Systematic and random errors in self-mixing measurements: effect of the developing speckle statistics.

Abstract

We consider the errors introduced by speckle pattern statistics of a diffusing target in the measurement of large displacements made with a self-mixing interferometer (SMI), with sub-λ resolution and a range up to meters. As the source on the target side, we assume a diffuser with randomly distributed roughness. Two cases are considered: (i) a developing randomness in z-height profile, with standard deviation σ(z), increasing from ≪λ to ≫λ and uncorrelated spatially (x,y), and (ii) a fully developed z-height randomness (σ(z)≫λ) but spatially correlated with various correlation sizes ρ(x,y).
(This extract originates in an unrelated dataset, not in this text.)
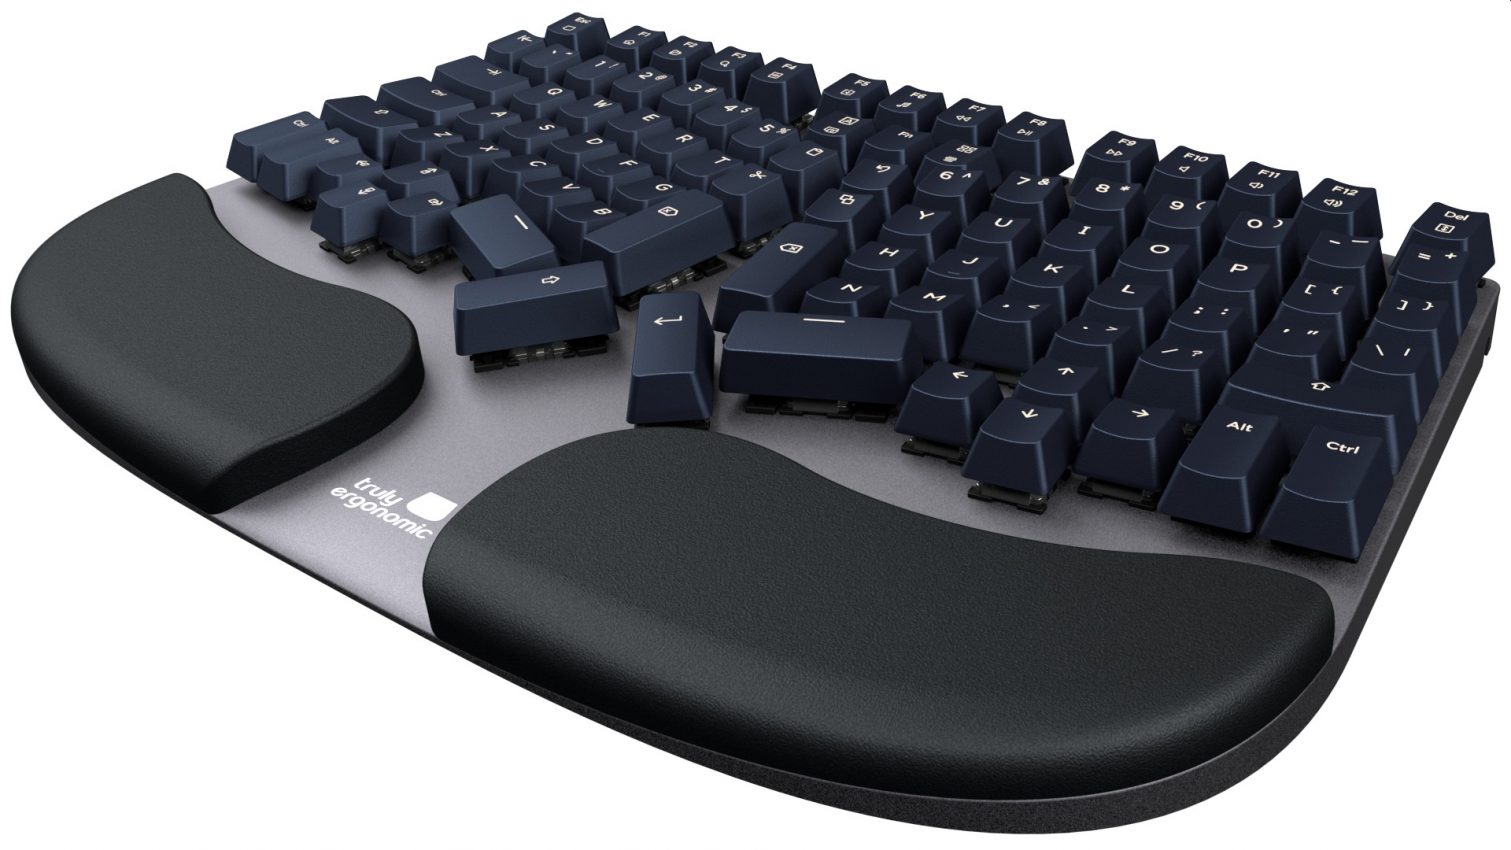 200以上 best ergonomic keyboard and mouse reddit 325602-Best ergonomic

We find that systematic and random errors of all types of diffusers converge to that of a uniformly illuminated diffuser, independent of the actual profile of radiant emittance and phase distribution, when the standard deviation σ(z) is increased or the scale of correlation ρ(x,y) is decreased. This convergence is a sign of speckle statistics development, as all distributions end up with the same errors of the fully developed diffuser. Convergence is earlier for a Gaussian-distributed amplitude than for other spot distributions. As an application of simulation results, we plot systematic and random errors of SMI measurements of displacement versus distance, for different source distributions standard deviations and correlations, both for intra- and inter-speckle displacements.